2008 Paritua Riesling Central Otago New Zealand (11.5% ABV). I got this wine for $6/bottle at Last Bottle Wines. I was questioning myself a bit when placing an order for this wine, as I never heard of Riesling from Central Otago – a region in New Zealand known for their world-class Pinot Noir, but not Riesling. I’m glad I took my chances and got this wine, as it was outstanding. Perfect ripe peach flavors on the nose with the hint of petrol (yes, I know some people are not very happy about this flavor, but I personally love  it). Very delicate on the palate, with some honey and apricot notes, perfect acidity and very restrained sweetness. This New Zealand Riesling would rival many of the German Rieslings at Kabinett level. One night we had it with Thai food, and [as expected] it paired perfectly. Drinkability: 8

2005 Eitelsbacher Karthauserhofberg Riesling Spatlese Mosel-SaarRuwer (9% ABV) – what I value the most in Riesling (any Riesling) is balance. My sweet tooth is not any smaller than the one any sweets lover would have out there. But I can’t take bottomless sweetness in the wine – I need acidity to come and play it supportive and refreshing role right next to the sweetness. This Riesling is perfectly balanced, with excellent acidity – and showing no signs of age.  Just had an interesting revelation – may be I should replace my “drinkability” ratings with “quaffability”, as this wine was not just drinkable, it was perfectly quaffable. Anyway, I digress. This is not the first Riesling I had from Eitelsbacher Karthauserhofberg  – and it seems to be a very interesting winery – but I need to refer you to the Riesling expert Oliver TheWinegetter if you want to learn more. Here is a link to the comment Oliver left on one of my previous posts where he is talking about this winery. Drinkability: 8+

Curt Rasmussen Late Harvest Riesling

Kurt Rasmussen Late Harvest Riesling

1999 Kurt Rasmussen Late Harvest Riesling Dry Creek Valley (13%ABV) – I’m not sure I can do justice to this wine trying to describe it. In a word – spectacular. Liquid viscous dark gold in the glass, honey, honeydew, caramelized pecan, apricot notes all over, both on the nose and the palate – and perfectly balanced (I’m know I’m abusing this one), with still bright supporting acidity. Drinkability: 9

Next up – Gewurztraminer

To be honest, I don’t drink Gewurztraminer all that often.
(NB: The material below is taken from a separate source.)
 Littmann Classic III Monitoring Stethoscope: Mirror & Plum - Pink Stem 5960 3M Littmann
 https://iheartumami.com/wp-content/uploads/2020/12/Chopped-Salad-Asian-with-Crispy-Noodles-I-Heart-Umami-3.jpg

I find a lot of Gewurztraminer wines to be all over the place in terms of taste – many of them have wonderful nose, but then on the palate the wine often doesn’t appear to be “together”, it shows up quite disjointed. But – not this wine.
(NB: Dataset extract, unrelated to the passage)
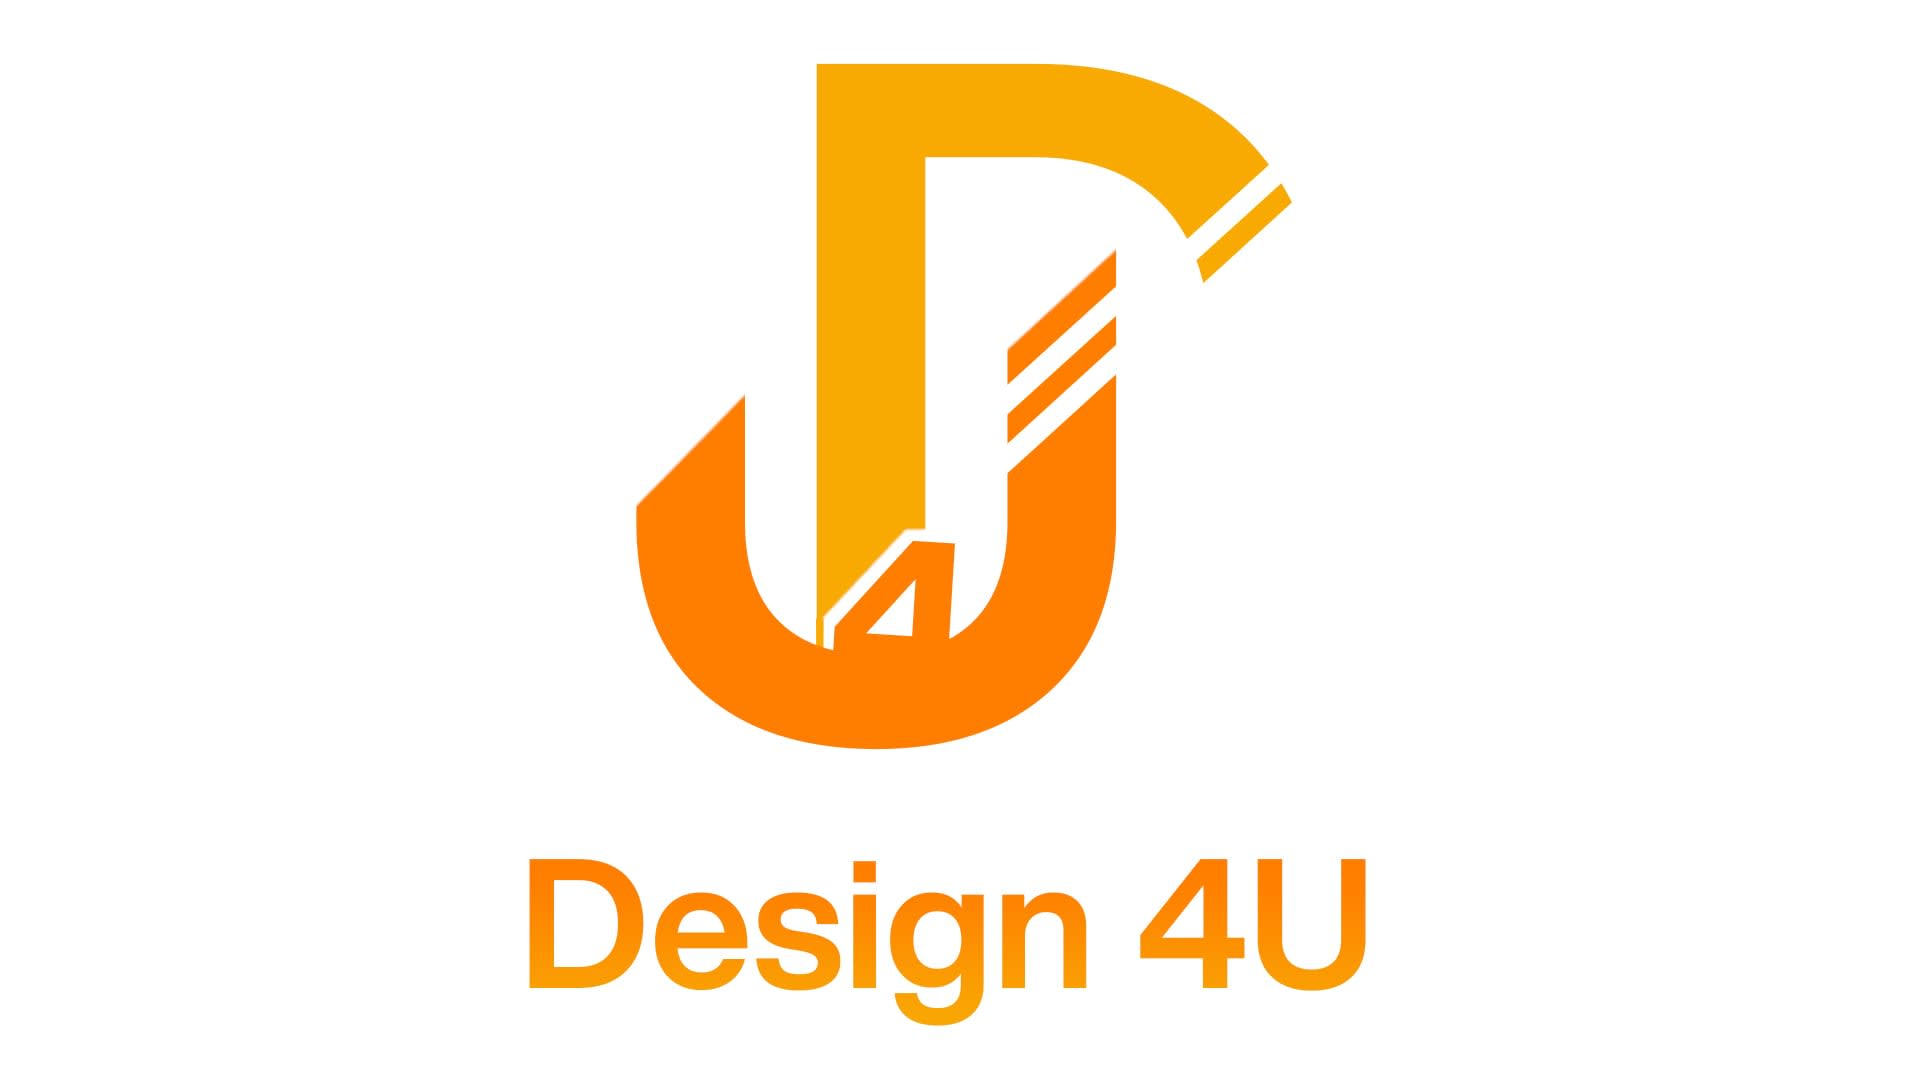 Design 4U

Zind-Humbrecht Gewurztraminer

Zind-Humbrecht Gewurztraminer

Domain Zind-Humbrecht is one of the best producers in Alsace, probably best known for its Pinot Gris wines. Just to put things in perspective, 36 wines of Domain Zind-Humbrecht have classic ratings from Wine Spectator (95-100), including perfect score 100 point 2001 Pinot Gris. Well, this is not the wine I’m talking about here.

2002 Domaine Zind-Humbrecht Herrenweg de Turckheim Gewurztraminer Alsace (15.5% ABV) – I got two bottles of this wine at Bottle King in New Jersey on a big sale for about $20 each – this wine typically retails for $60 or so. I had a bottle few years back, and was not impressed. So when I pulled this bottle out, I was not expecting much ( it was more like “yeah,  let’s free some space in the wine fridge”). My, was I wrong! In one word, I have to use again my abused wine definition of the day – spectacular. Dark golden color, beautiful nose of candied apricot, perfect honey tones on the palate, fresh acidity, more candied apricot, perfectly balanced. Drinkability: 9

Food break

Tired of wine? Let’s make a short break for some food pictures. First, I promised to Food and Wine Hedonist that when I will make Elotes according to his recipe, I will share my impressions. Elotes is Mexican street food which is essentially a grilled corn with spicy mayo and Cotija cheese – this is precisely what I did and it was tasty! For the recipe, use the link above, and here are the pictures:

Yes, I continue admiring my “mangal”, a special charcoal grill – here are few pictures for your drooling pleasure:

You know what – I think this is enough for one post. Let’s stop here. In the next post – Chardonnay, Cabernet Franc, Pinot Noir and may be something else.

To be continued…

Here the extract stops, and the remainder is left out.